Yesterday, I put up a post about
an argument I made 9 years ago about how to distinguish polygamy from same-sex marriage. This was an argument based on economics and government benefits (and I admitted that the #LoveWins aspects of
Obergefell made my distinction more difficult).
I was only noticing my old argument because
my son John had remembered it and blogged about it. But today I see that John expanded his blog post to add a different distinction that 2 very prominent commentators have made in the wake of
Obergefell.
Richard Posner says:
[P]olygamy imposes real costs, by reducing the number of marriageable women. Suppose a society contains 100 men and 100 women, but the five wealthiest men have a total of 50 wives. That leaves 95 men to compete for only 50 marriageable women.
And Jonathan Rauch says:
[T]he case for gay marriage is the case against polygamy, and the public will be smart enough to understand the difference.
Gay marriage is about extending the opportunity to marry to people who lack it; polygamy, in practice, is about exactly the opposite: withdrawing marriage opportunity from people who now have it. Gay marriage succeeded because no one could identify any plausible channels through which it might damage heterosexual marriage; with polygamy, the worries are many, the history clear, and the channels well understood.
Well, I've got a problem with that! Talk about a male perspective! What about the women who want to choose to share one man? They should be denied to preserve a pool of marriageable women for all the extra males that would otherwise have scarce pickings? Are women some kind of natural resource to be conserved for the benefit of males?
As the old saying goes: Feminism is the radical notion that women are people. If women think they are better off as multiple wives to one high-quality male, why should they be cut off from that way of life so that some less-desired male will have better odds of getting a woman for himself? Is this
everybody-gets-just-one theory of marriage some kind of welfare program for undesirable males?
I can see that society fears its renegade young males and would like to tame them through marriage, leveraging the power of their sexuality lest they expend that energy in acts of violence and dissolution. I can see the idea of
using women for this purpose and rejecting polygamy because it takes women out of commission in that service.
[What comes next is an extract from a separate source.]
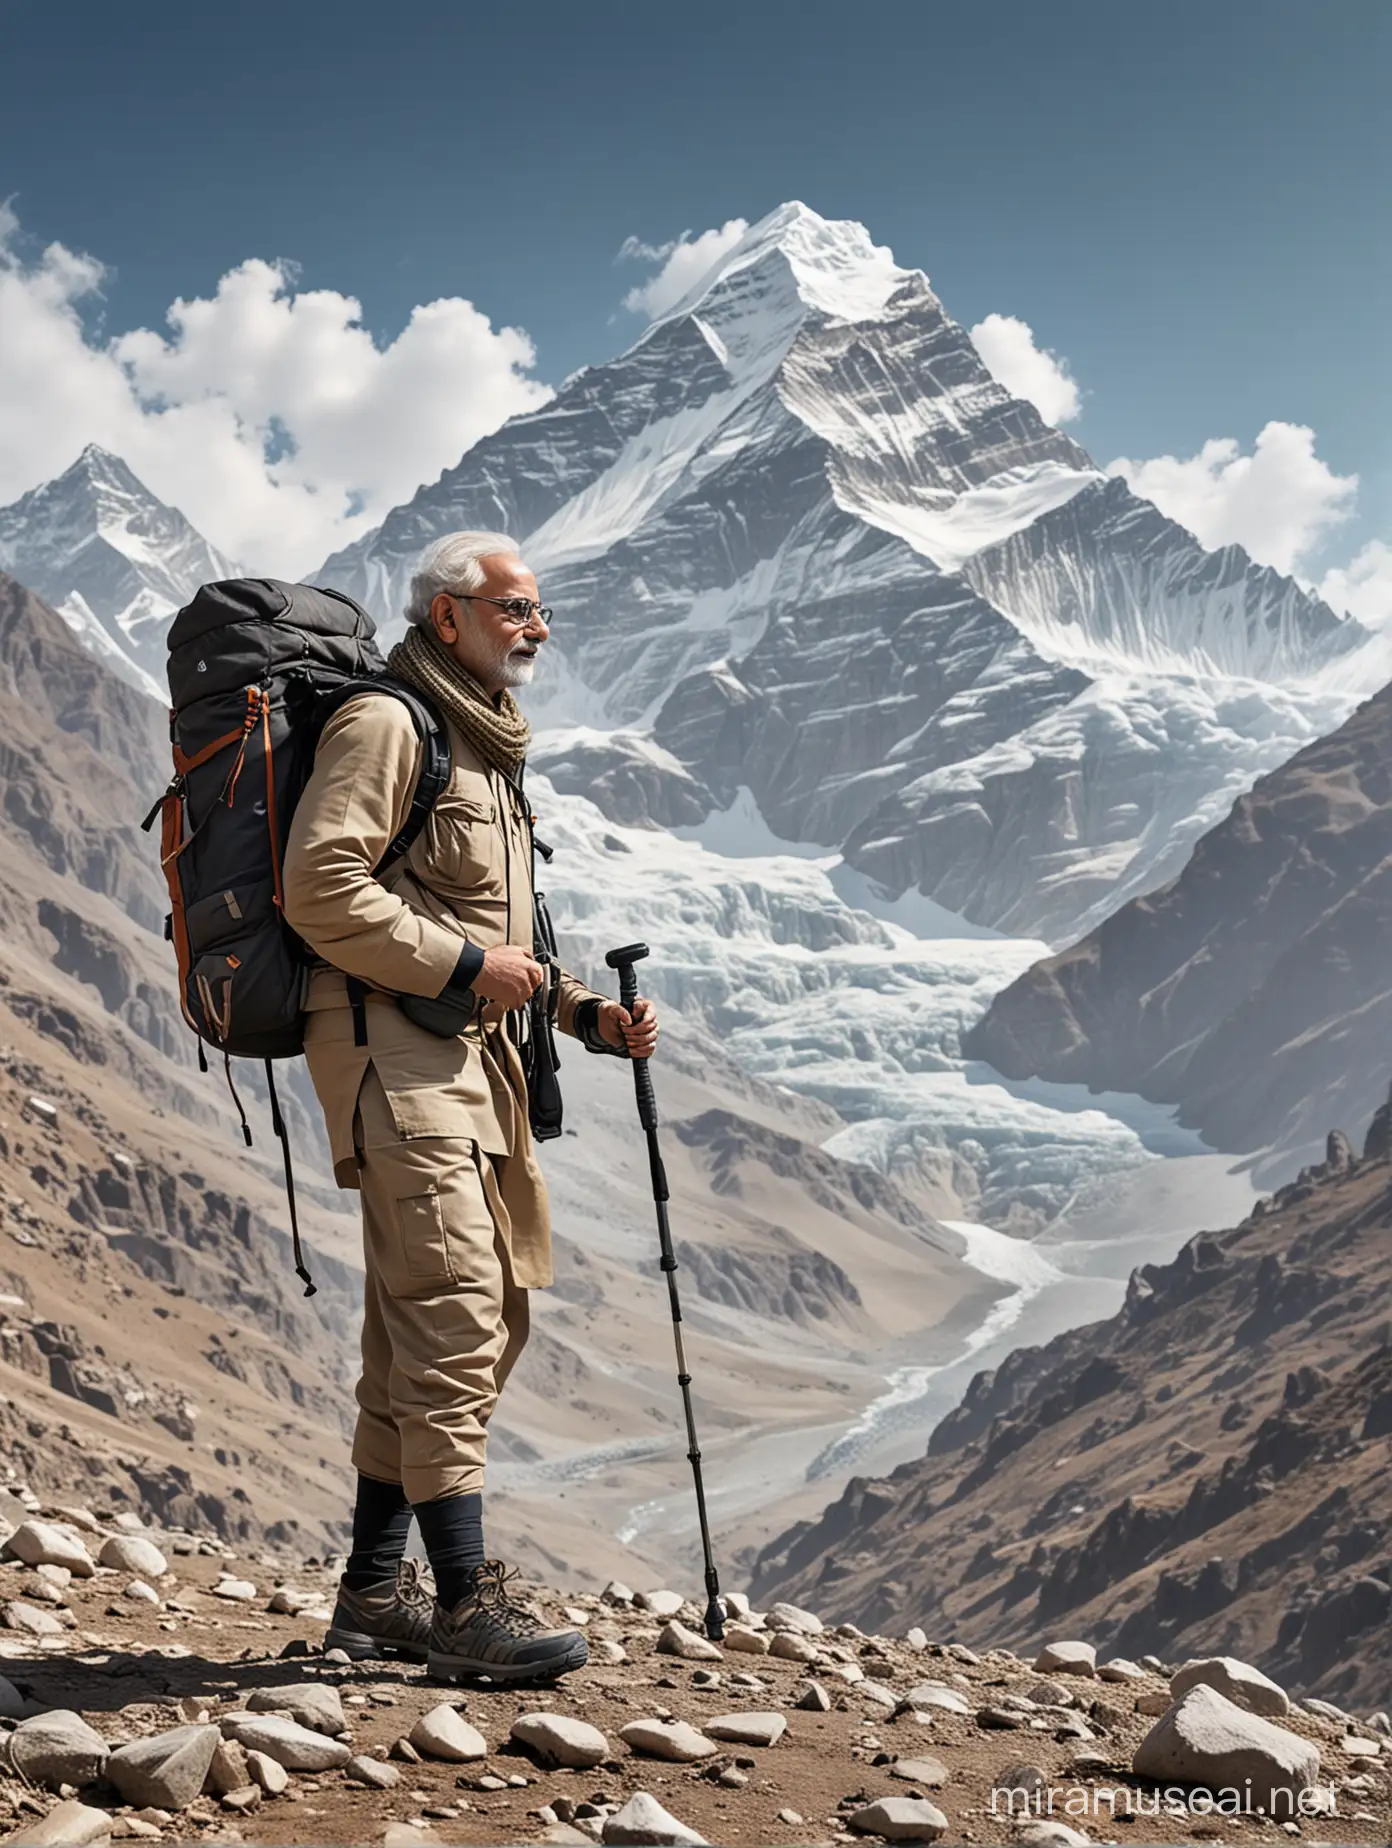 Create a realistic AI image of the Indian Prime Minister going for trekking in the Himalayas. Show the Prime Minister dressed in trekking attire, wearing a backpack and carrying a trekking pole. Include a water bottle hanging from the backpack, indicating preparedness for the trek. Capture the majestic Himalayan landscape in the background, emphasizing the Prime Minister's adventurous spirit and love for nature
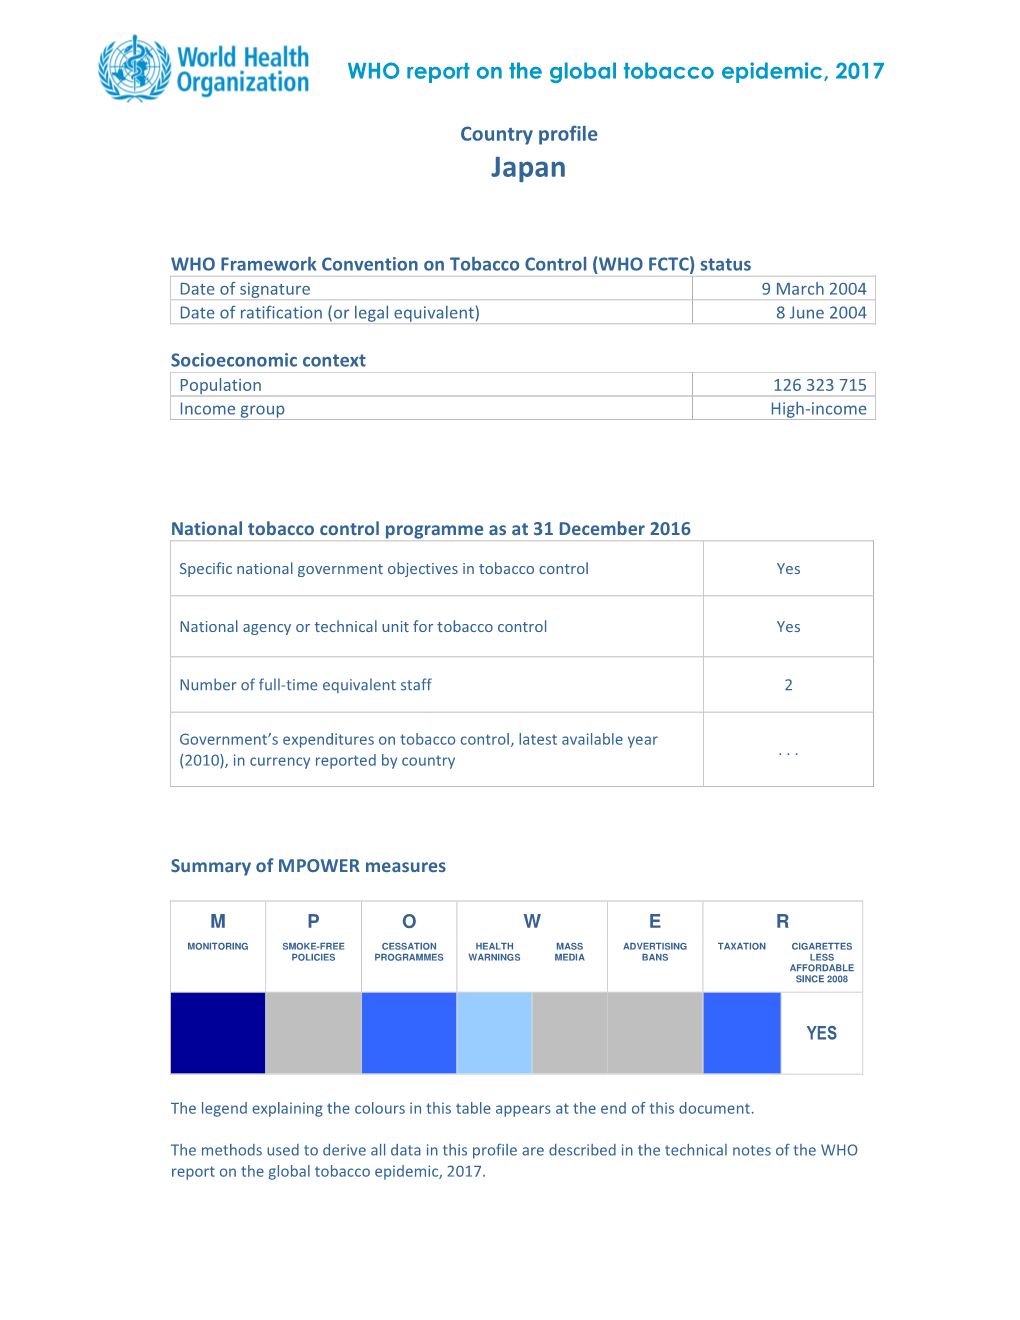 WHO Report on the Global Tobacco Epidemic, 2017 Country Profile: Japan

I see the scheme. I see the mechanism. But if you use that as your overt argument, you're going to run up against ideas about
women's autonomy and freedom. We're not society's tools. Why should we be denied marriage to the man we want, in a sisterhood with other women who want the same thing? You'd better have a reason other than your need to
exploit us for the purposes of men.
And by the way, women pairing up with women also takes women out of the pool of women who are available to men. Rauch said "Gay marriage succeeded because no one could identify any plausible channels through which it might damage heterosexual marriage," but, ironically, he just made me see an argument for that damage.
And I wouldn't use the term "gay marriage," because no one will check whether the 2 women want to have sex with each other. 2 women could marry to obtain the economic benefits of the government's legal status of marriage. Why shouldn't 2 women marry to create a household within which they could manage childcare, file a joint tax return, and get better health insurance for the blended group?